Note that the plot indicates the time horizon for just the program implementation component, rather than both implementation and translation, as we want a direct comparison of the human labor that can be automated. To approximate their respective time horizons, we conducted human baseline tests on the hardest solved problems of each of the formal verification projects. ¹⁹ We note that the comparison of verified engineering is still a slight overestimate w.r.t. feasibility given that humans are slower at programming in languages amenable to verification.

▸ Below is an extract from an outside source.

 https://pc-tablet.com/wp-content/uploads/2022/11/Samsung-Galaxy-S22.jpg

We used OLS on the three preexisting verification benchmarks to fit the y-intercept of METR’s time horizon exponential curve to get the lower curve. We used OLS to fit an exponential to the four verification benchmarks (including lf-lean) to get the improved curve.

Conclusion

Conventional wisdom is that software verification is infeasible. But infeasible has always meant too expensive, not impossible. The cost is measured in LoC: verification artifacts—specifications, proofs, and auxiliary infrastructure—typically dwarf the implementation itself by almost an order of magnitude. Across landmark projects from seL4 9Klein, G. et al.seL4: Formal Verification of an OS KernelSOSP, 2009 to CompCert 10Leroy, X.Formal verification of a realistic compilerCommunications of the ACM, 2009 , the median productivity is roughly 2,558 verified LoC per person-year (Appendix B), and our own translation required approximately 215k lines of isomorphism proofs to verify the translation of 6k lines of Rocq statements into 25k lines of Lean (Appendix A). Verification has never failed because it is conceptually hard; it has failed because it multiplies the volume of code that humans must write and maintain.

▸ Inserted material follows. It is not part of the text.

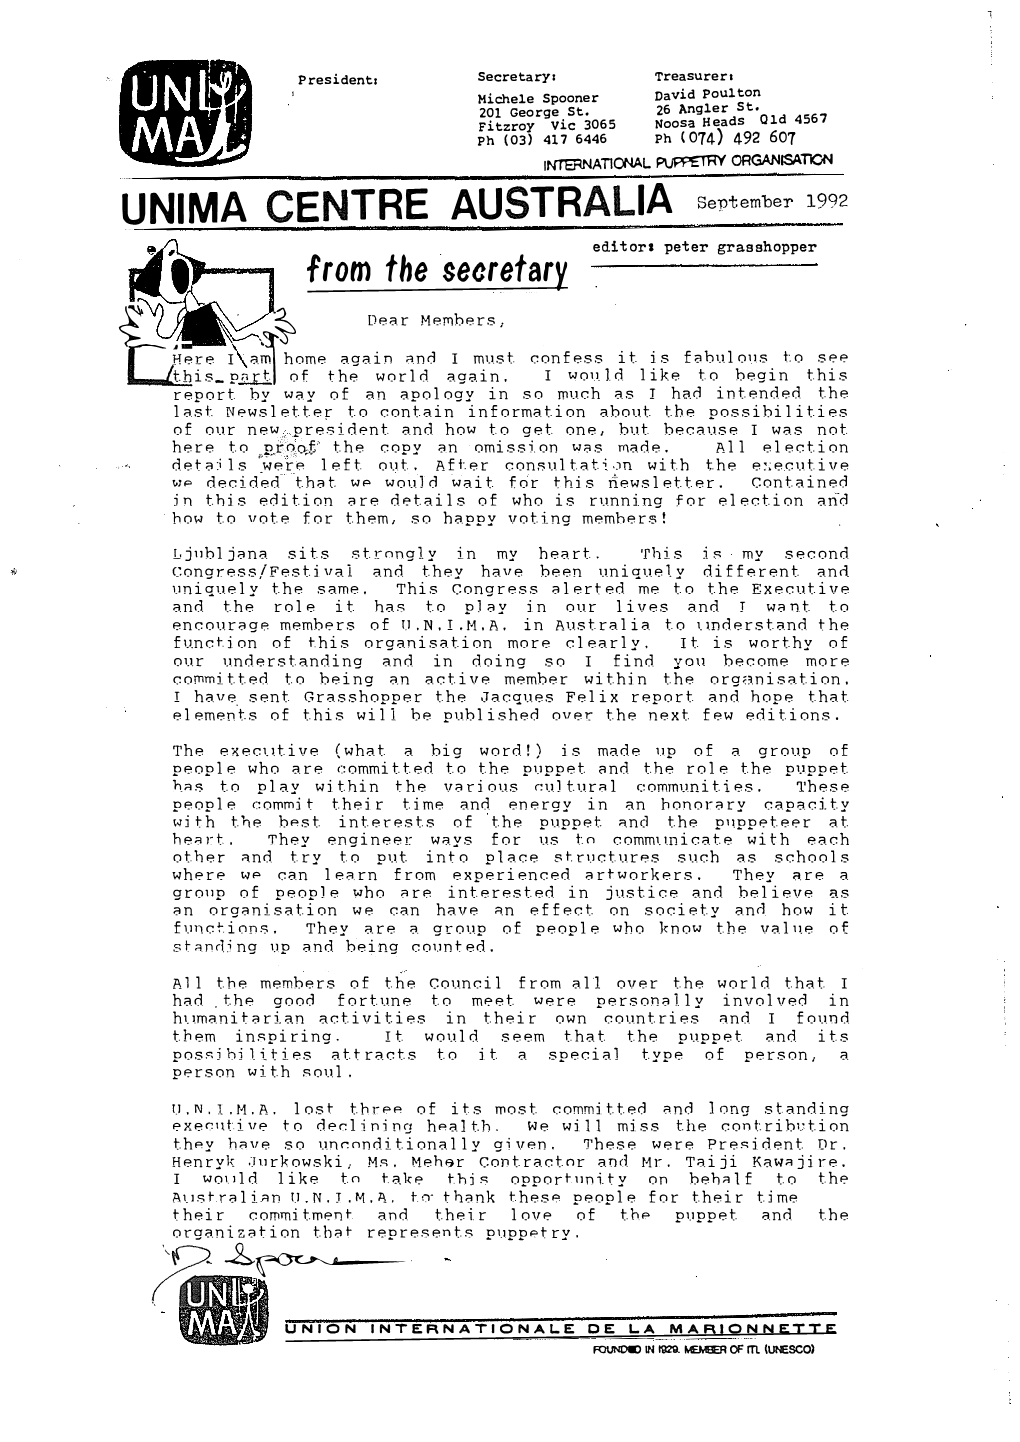 UNIMA CENTRE AUSTRALIA September 1992 from the Secretary Editors Peter Grasshopper

We are now entering a regime with a new calculus of feasibility. LoC generated are becoming effectively free, while human review is the bottleneck. In this regime, verified software engineering may actually be more scalable than unverified software engineering, because the oversight itself is automated. Models are not yet good enough at verification to fully realize this vision. But lf-lean demonstrates that the gap is closing.

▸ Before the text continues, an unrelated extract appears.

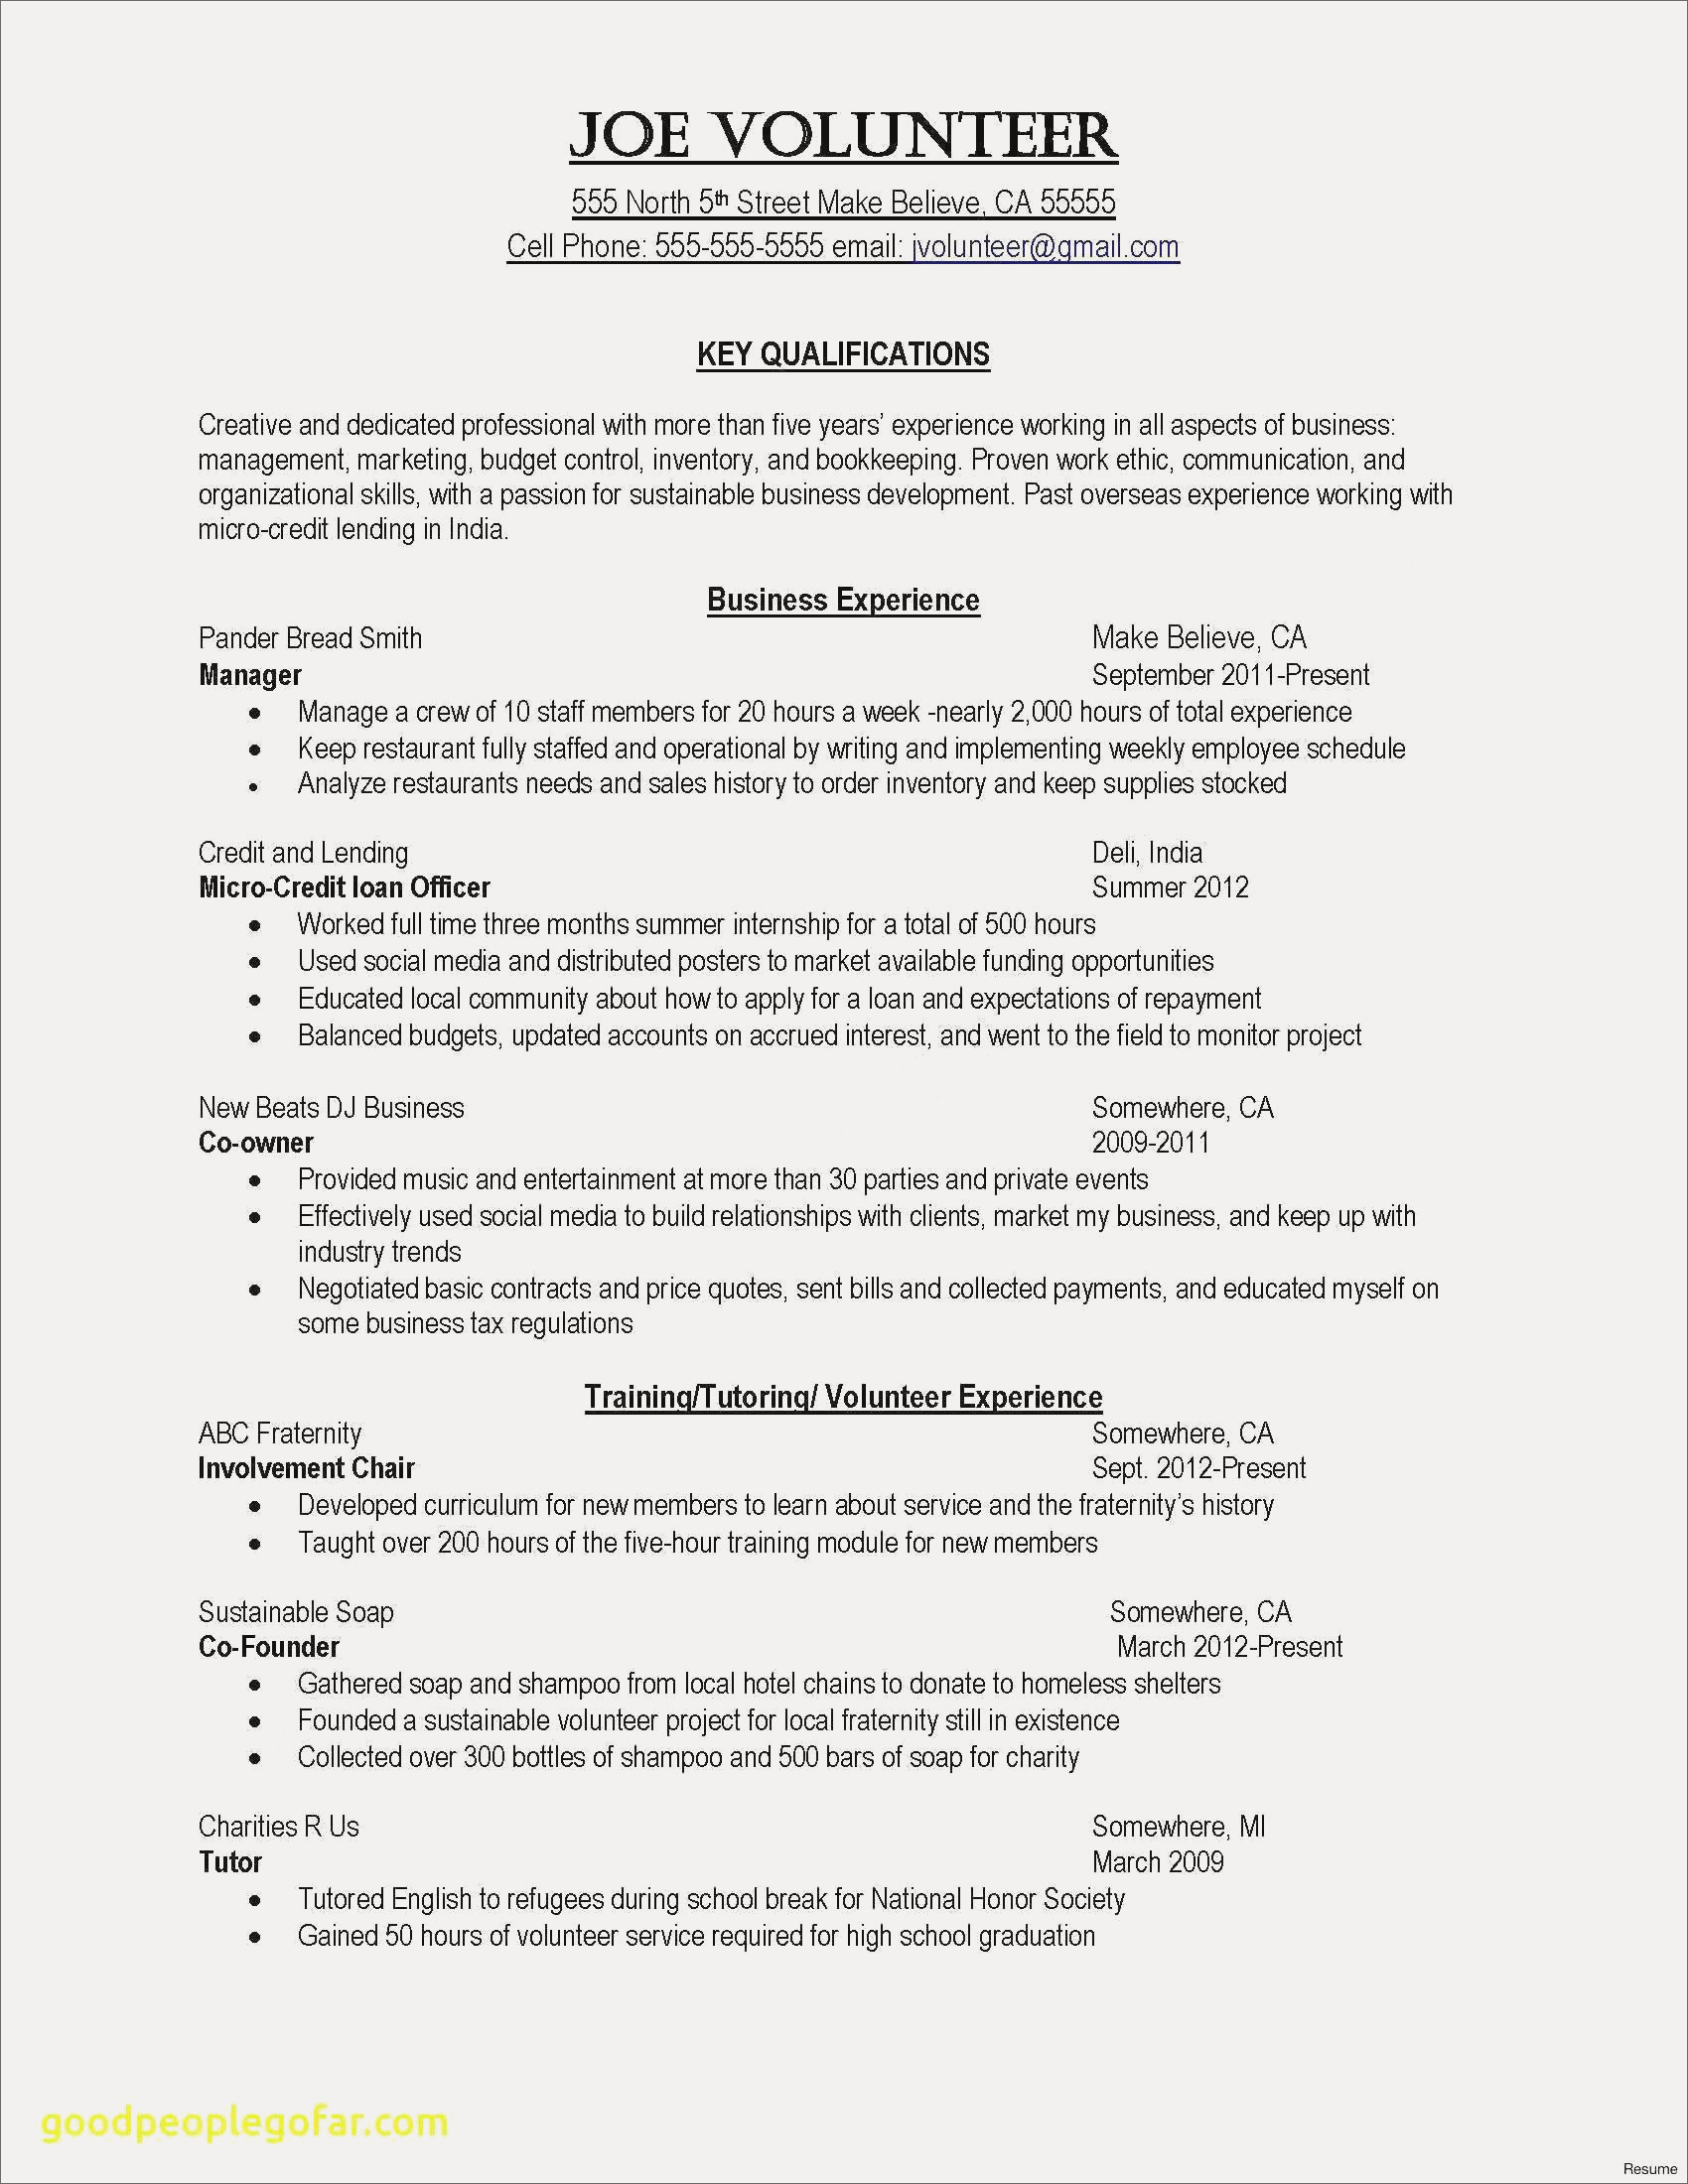 Rn Resume Examples Nursing Resume Template 99 Free Rn Resume Template Of Nursing Resume Template rn resume examples|wikiresume.com

The oversight benefit is realizable by scaling RL on software verification. Most RL environments for code generation rely on programmatic rewards or model-grading. Programmatically written unit tests provide sparse feedback, because test coverage isn’t meaningfully correlated with the number of bugs found (Appendix C).²⁰ And model-graded rewards are not robust against goodharting or spurious correlations resulting in catastrophic out-of-distribution generalization.

Given the appetite for scaling software complexity, the only scaling feedback on correctness leverages model capability. In rocq-dove, we leverage model-generated proofs, guided by the rich feedback of proof assistants. Moreover, by building task-level specification generators, we significantly amortize the investment in the task specification, reusing the same environment for scalably many codebases. We are optimistic that this type of RL environment—dense signal, unbounded task complexity, scalable reuse—can drive rapid capability gains in verified software engineering.

We're hiring! If you're excited about building the future of verified software engineering, we'd love to hear from you. See open roles →

Appendix

A. `lf-lean` by the Numbers

Logical Foundations contains approximately 6k lines of Rocq statements. On average, each statement has 6.4 dependencies with a total of 24.8 LoC (61 dependencies with a total of 382 LoC at maximum). We translated this to approximately 25k lines of Lean code²¹ (≈ 3 person-months of work²²) and about 215k lines of Rocq isomorphism proofs (≈ 2.5 person-years of work). Our models produced 1.5M lines of Lean and 7M lines of Rocq proofs in the process of doing the translation.

Our environment, rocq-dove, ensures that all isomorphism proof tasks are essentially independent and parallelizable, having interdependencies only through the constraints imposed on the Lean translation. As a result, while the time horizon on verified software engineering ranges from 5 hours (METR) to 3 person-months (lf-lean), the time horizon on the verification proofs themselves is best measured in years.

B. Human Productivity in Software Verification

To estimate how long the lf-lean project would have taken a human team, we need reliable baselines for two distinct activities: writing translation code and writing formal proofs of correctness.

Translation productivity. For the code-writing component (translating Rocq definitions and theorem statements into Lean), we draw on unverified software engineering productivity estimates. Published industry figures typically place productive output at 50–100 kLoC/person-year for a developer working in a familiar language and codebase (a range that likely already reflects AI-assisted workflows). We calibrated against internal time trials on lf-lean statements and cross-referenced with these published figures, adopting the upper end of the range (100 kLoC/year) to produce a conservative lower bound on human time. Since our Lean translation comprises approximately 25 kLoC, this yields an estimate of roughly 3 person-months for translation alone. We note this likely underestimates the true effort: Lean is less widely known than mainstream languages, the translation requires understanding both Rocq and Lean type theory, and the translator must make non-trivial design decisions about how to represent Rocq idioms in Lean.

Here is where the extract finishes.